- _PROBLEM REQUIREMENTS_
Give the listing again in full and exactly, apart from its pictures.

- _INFORMATION SHOWN_
::::

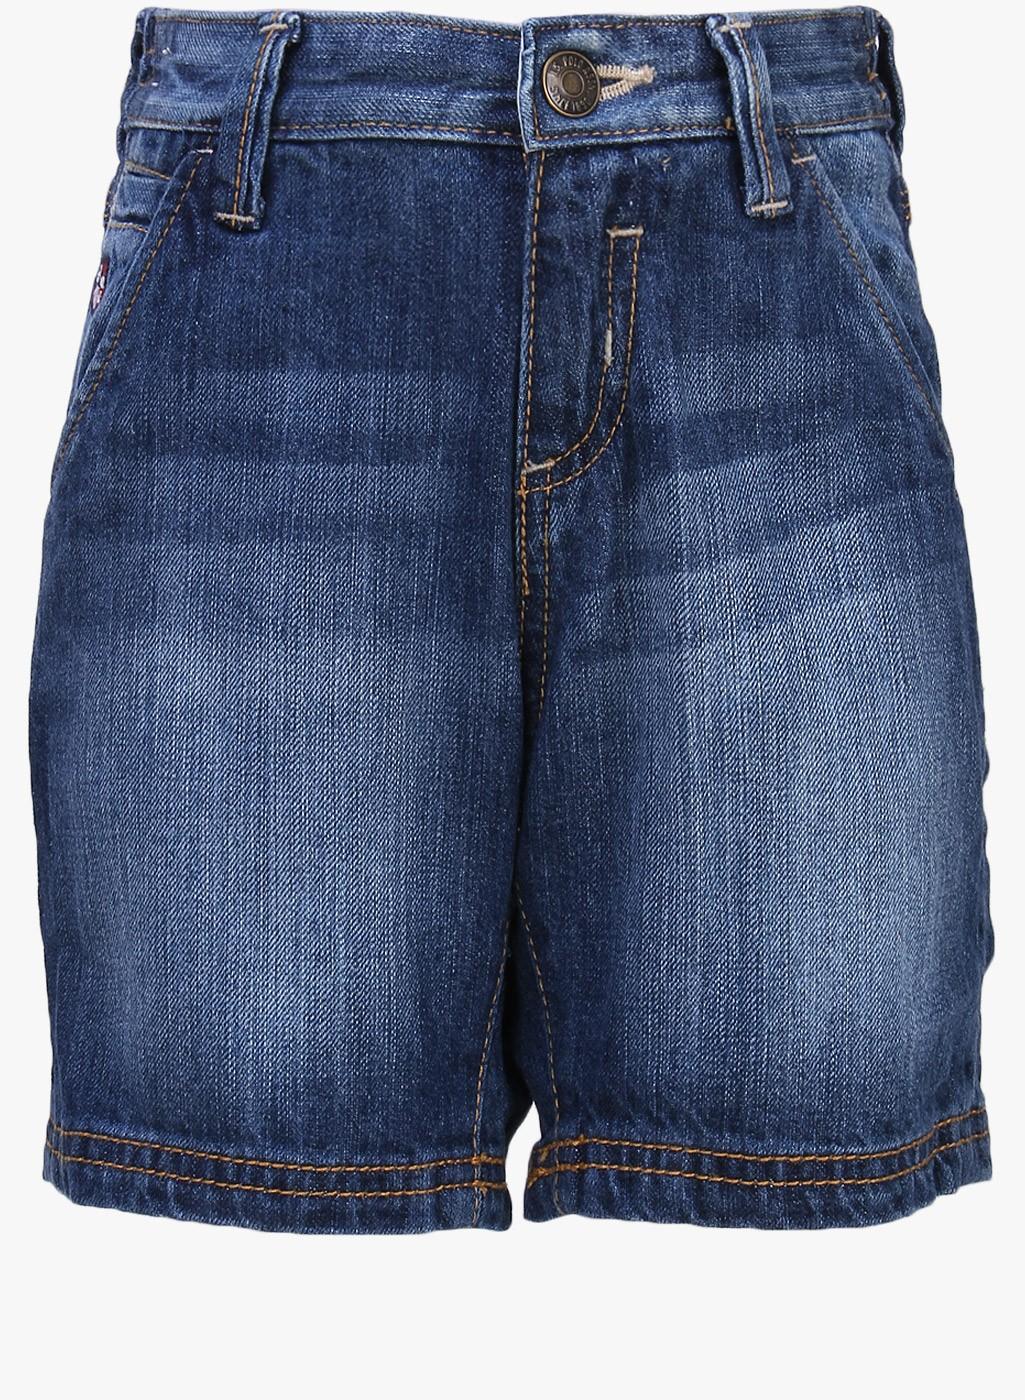 Modern Light Blue Cotton Short
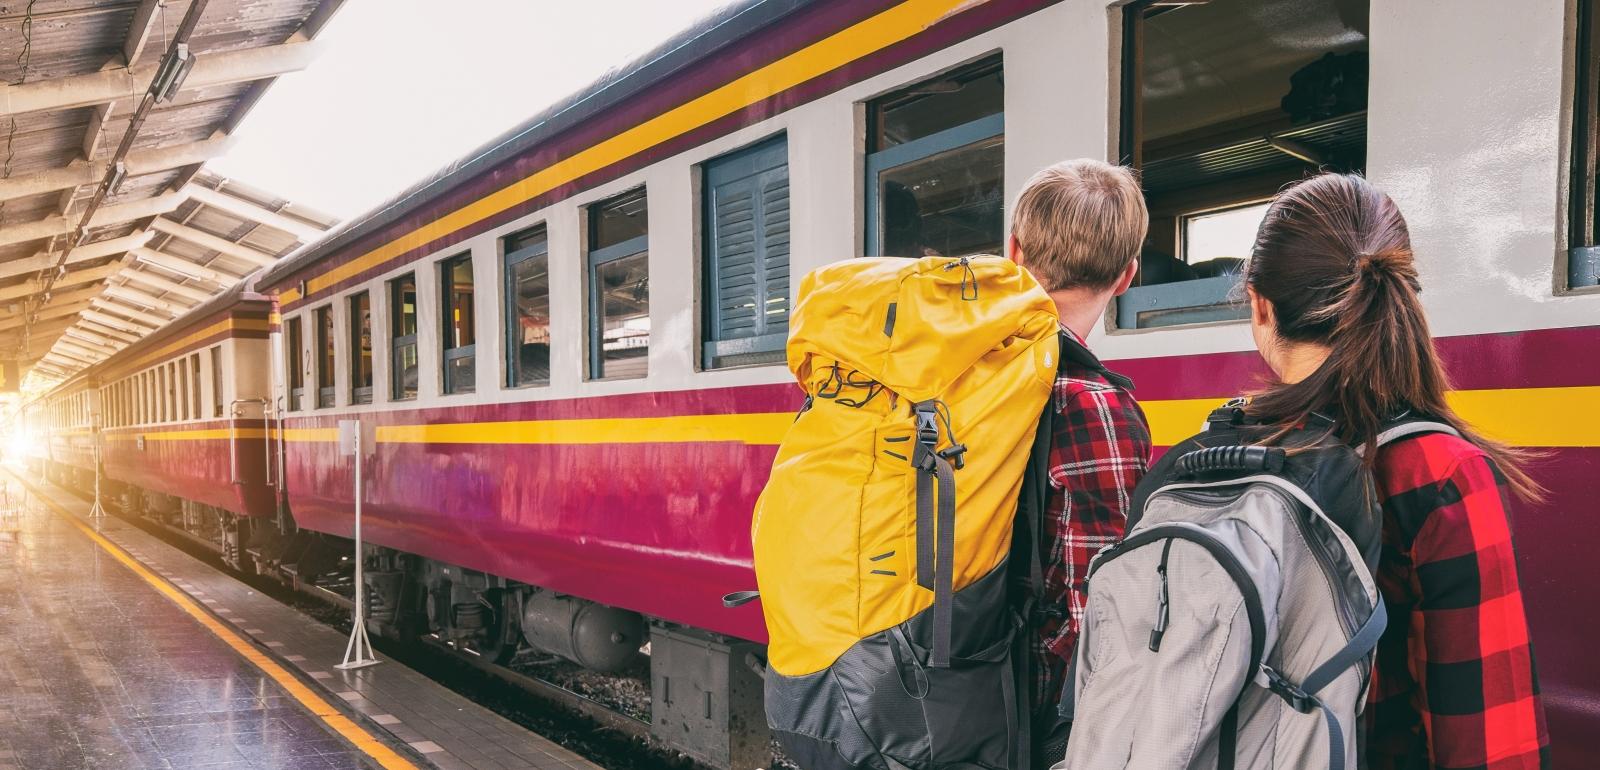 台湾における旅行及び関連ビジネスの発展動向について
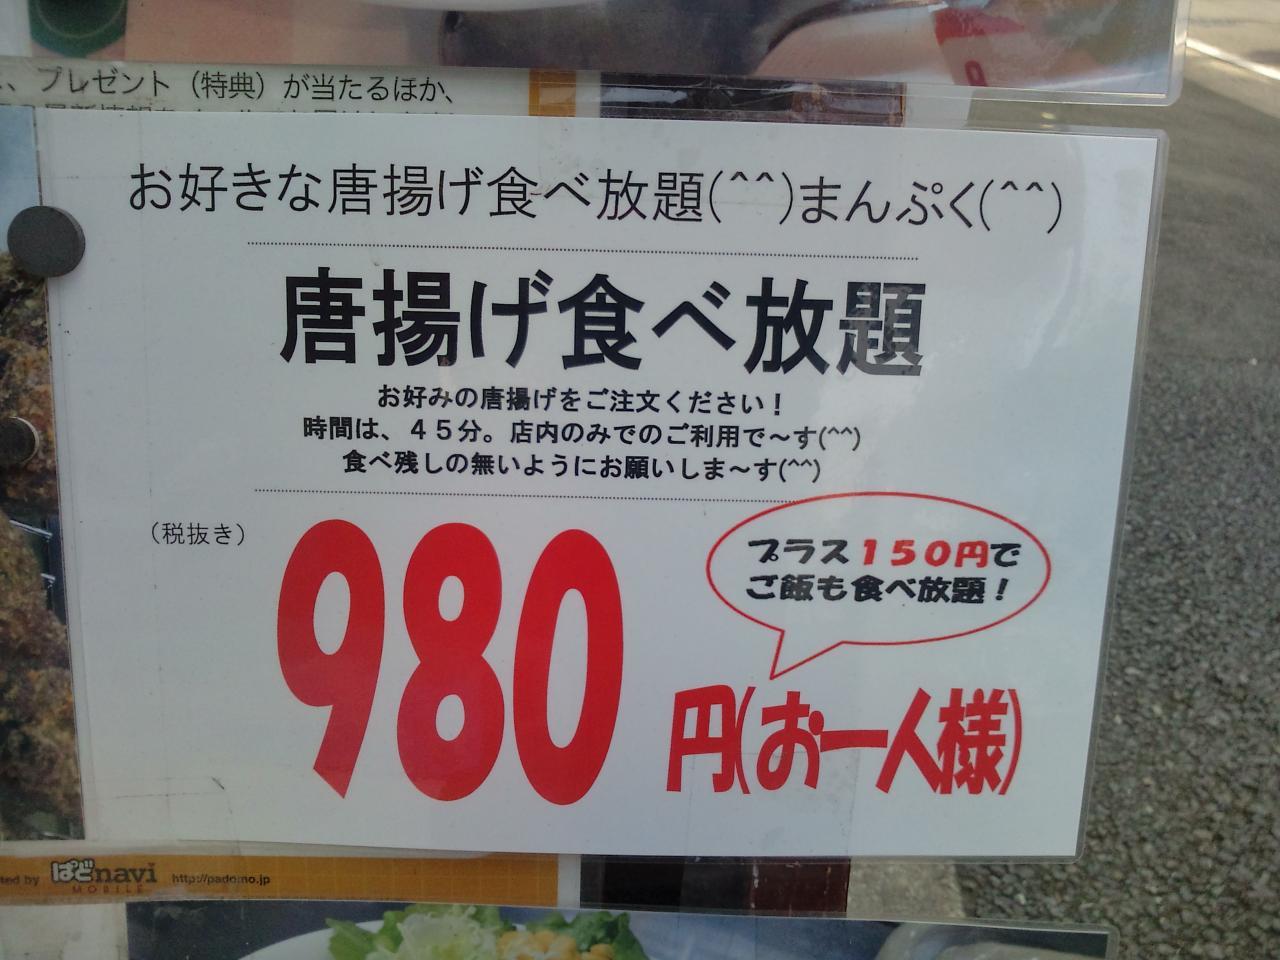 いろから川崎宮崎台店(店舗外観)

::::

- _TASK RESPONSE_
 Modern Light Blue Cotton Short
 台湾における旅行及び関連ビジネスの発展動向について
 いろから川崎宮崎台店(店舗外観)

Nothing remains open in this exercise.